*** Dataset content ***

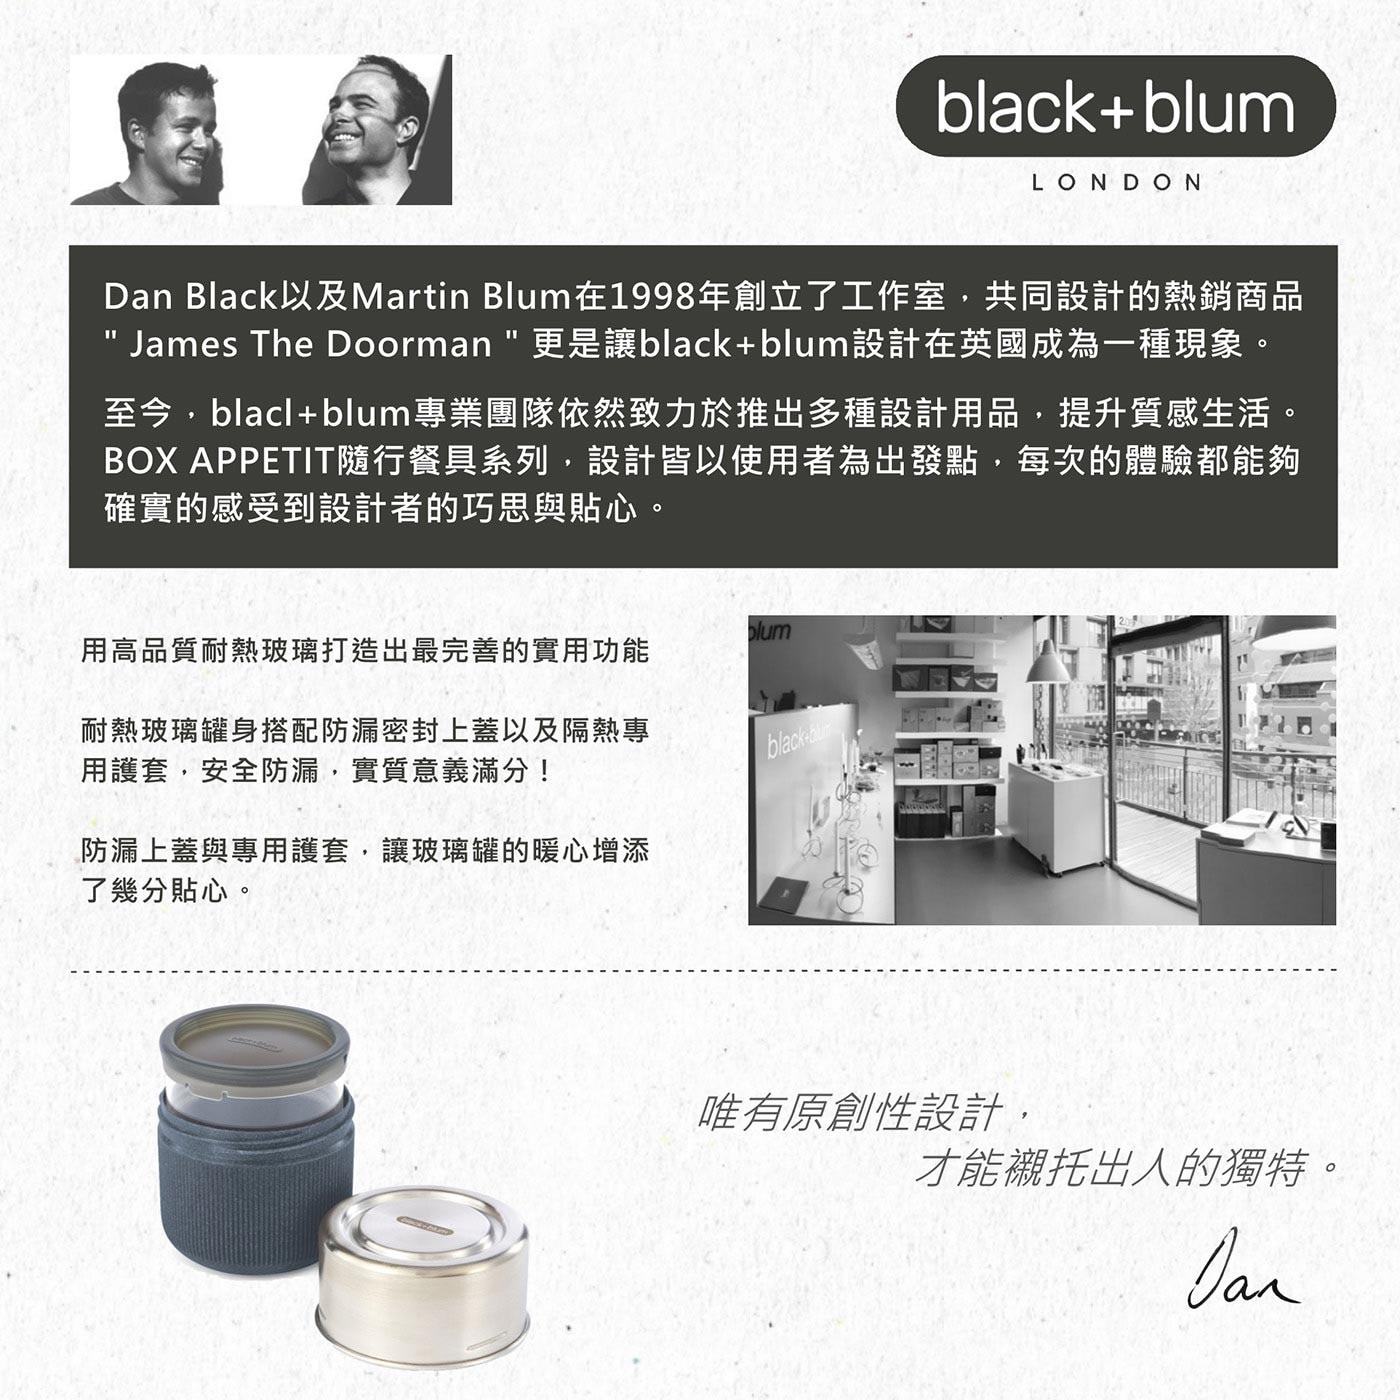 英國black+blum滿意玻璃罐450毫升-杏仁色 含防漏矽膠蓋，耐熱玻璃罐身，輕便耐熱，使用便利，隔熱專用護套，安全防護，拿取不燙手，可蒸煮及微波。
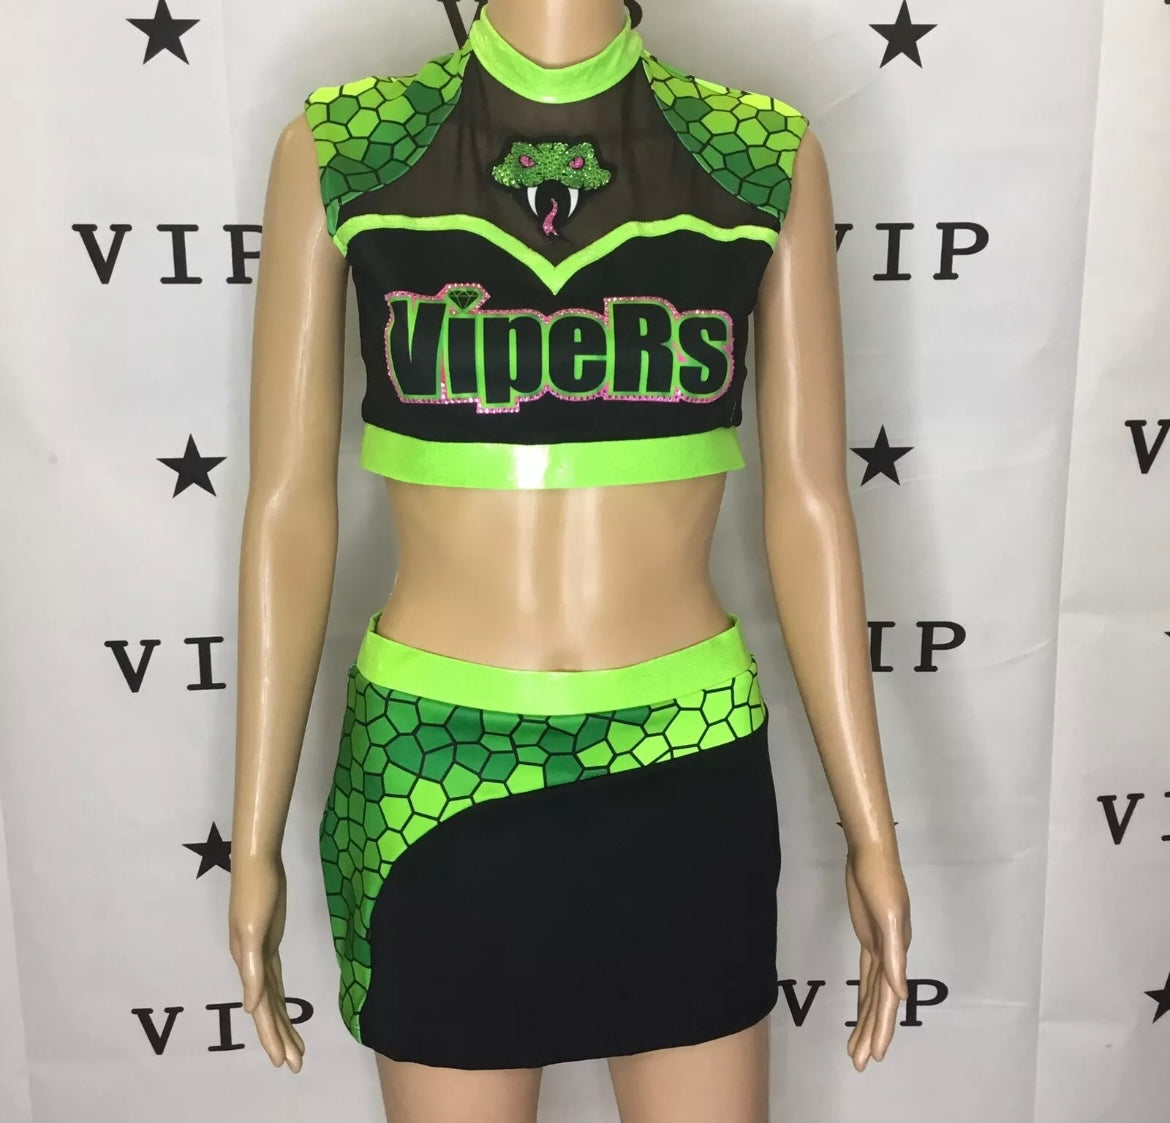 Vipers cheer uniform
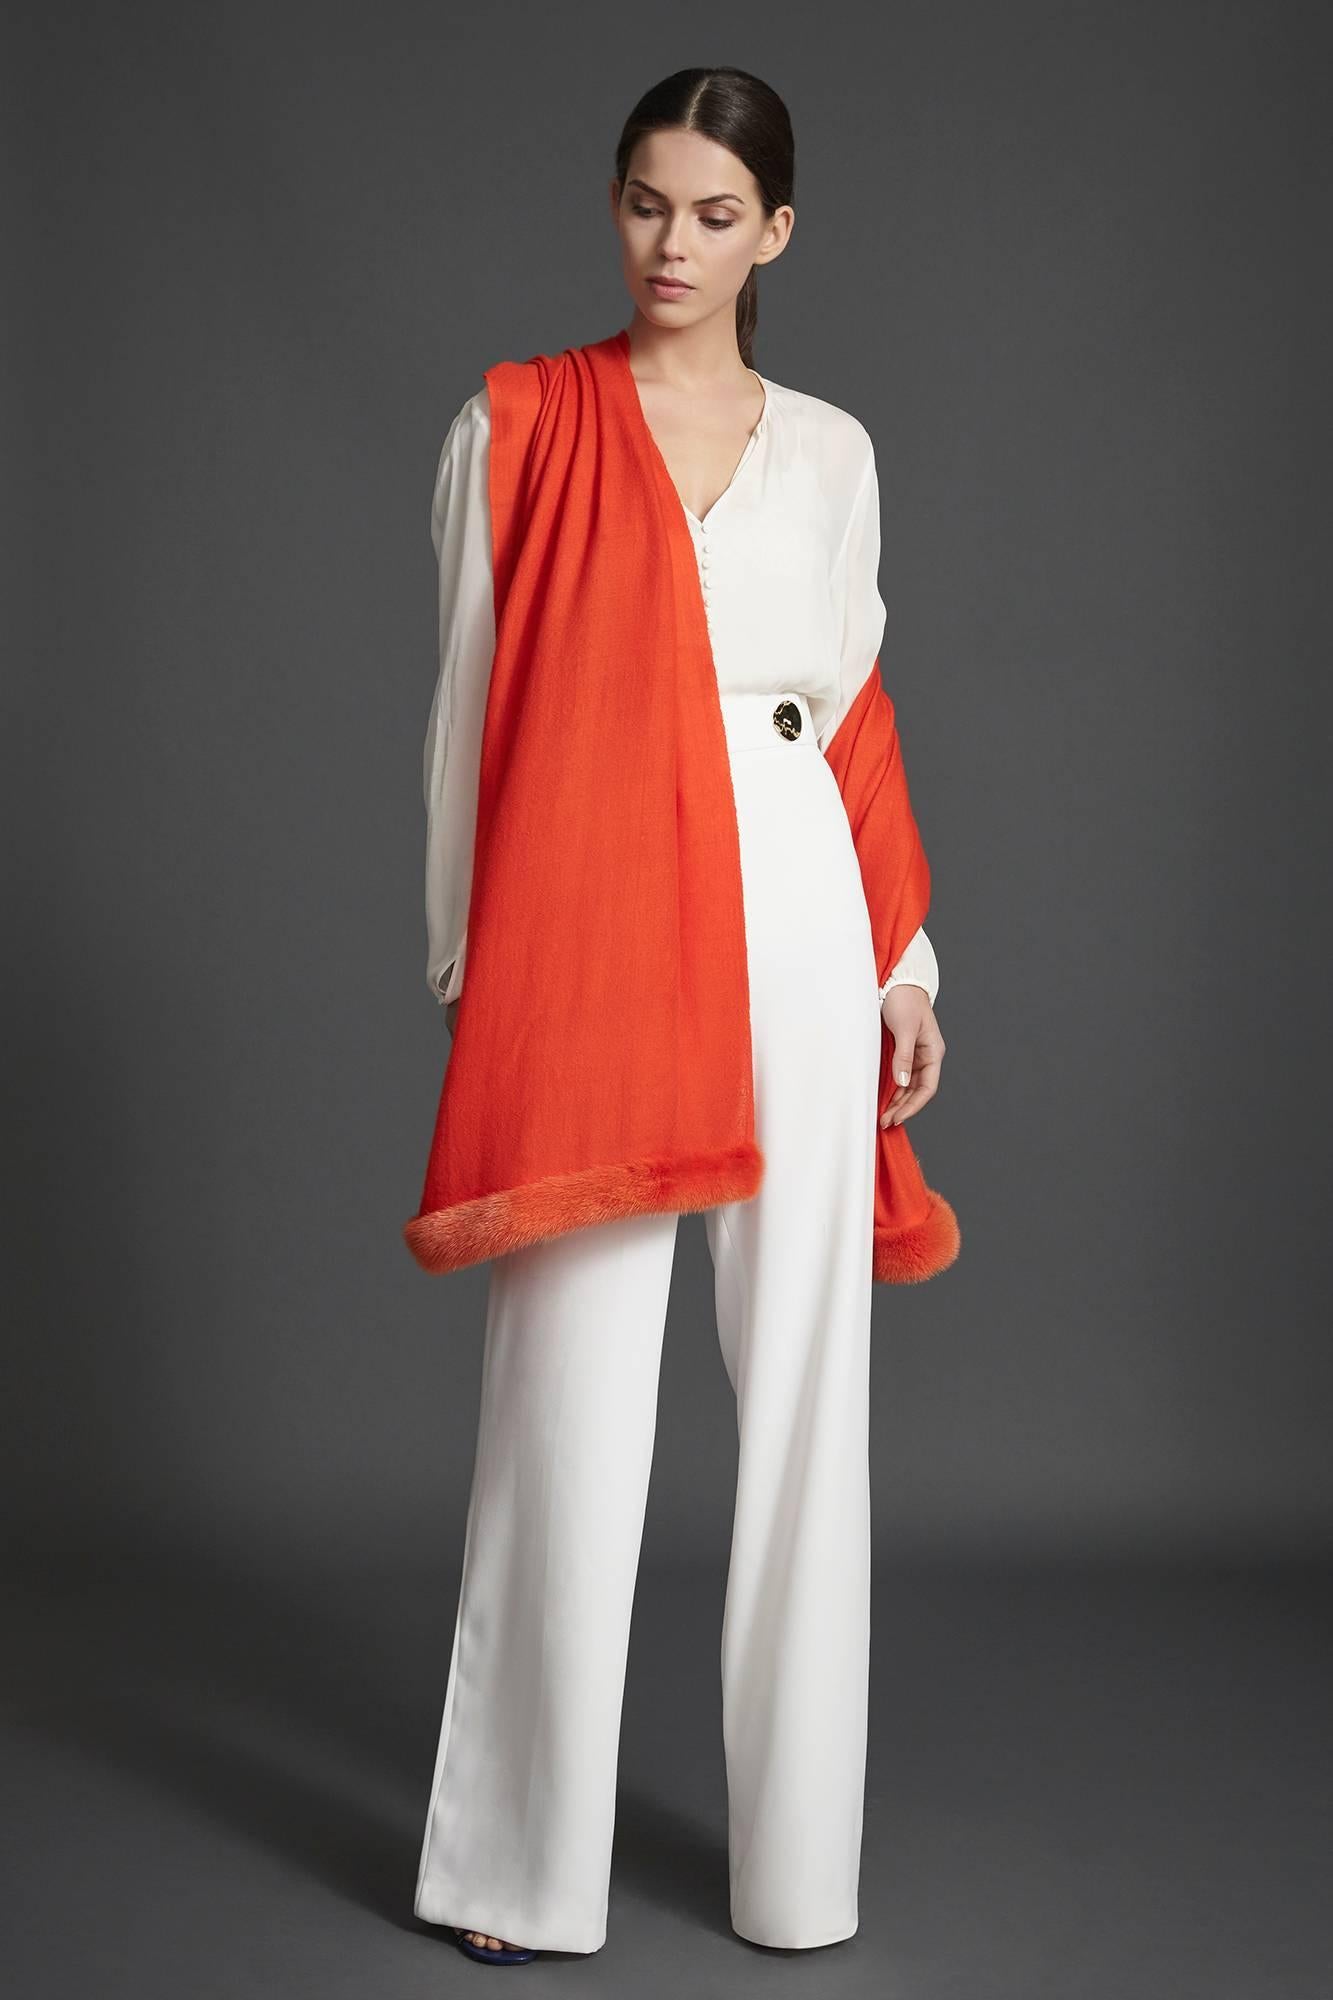 Women's or Men's Verheyen London Handwoven Mink Fur Trimmed Orange Cashmere Shawl - Brand New

***

What is required: Write out, exactly as they appear, the lines from the one containing "Vipers cheer uniform" through the end of the material above, excluding pictures.

Output:
 Vipers cheer uniform
 Women's or Men's Verheyen London Handwoven Mink Fur Trimmed Orange Cashmere Shawl - Brand New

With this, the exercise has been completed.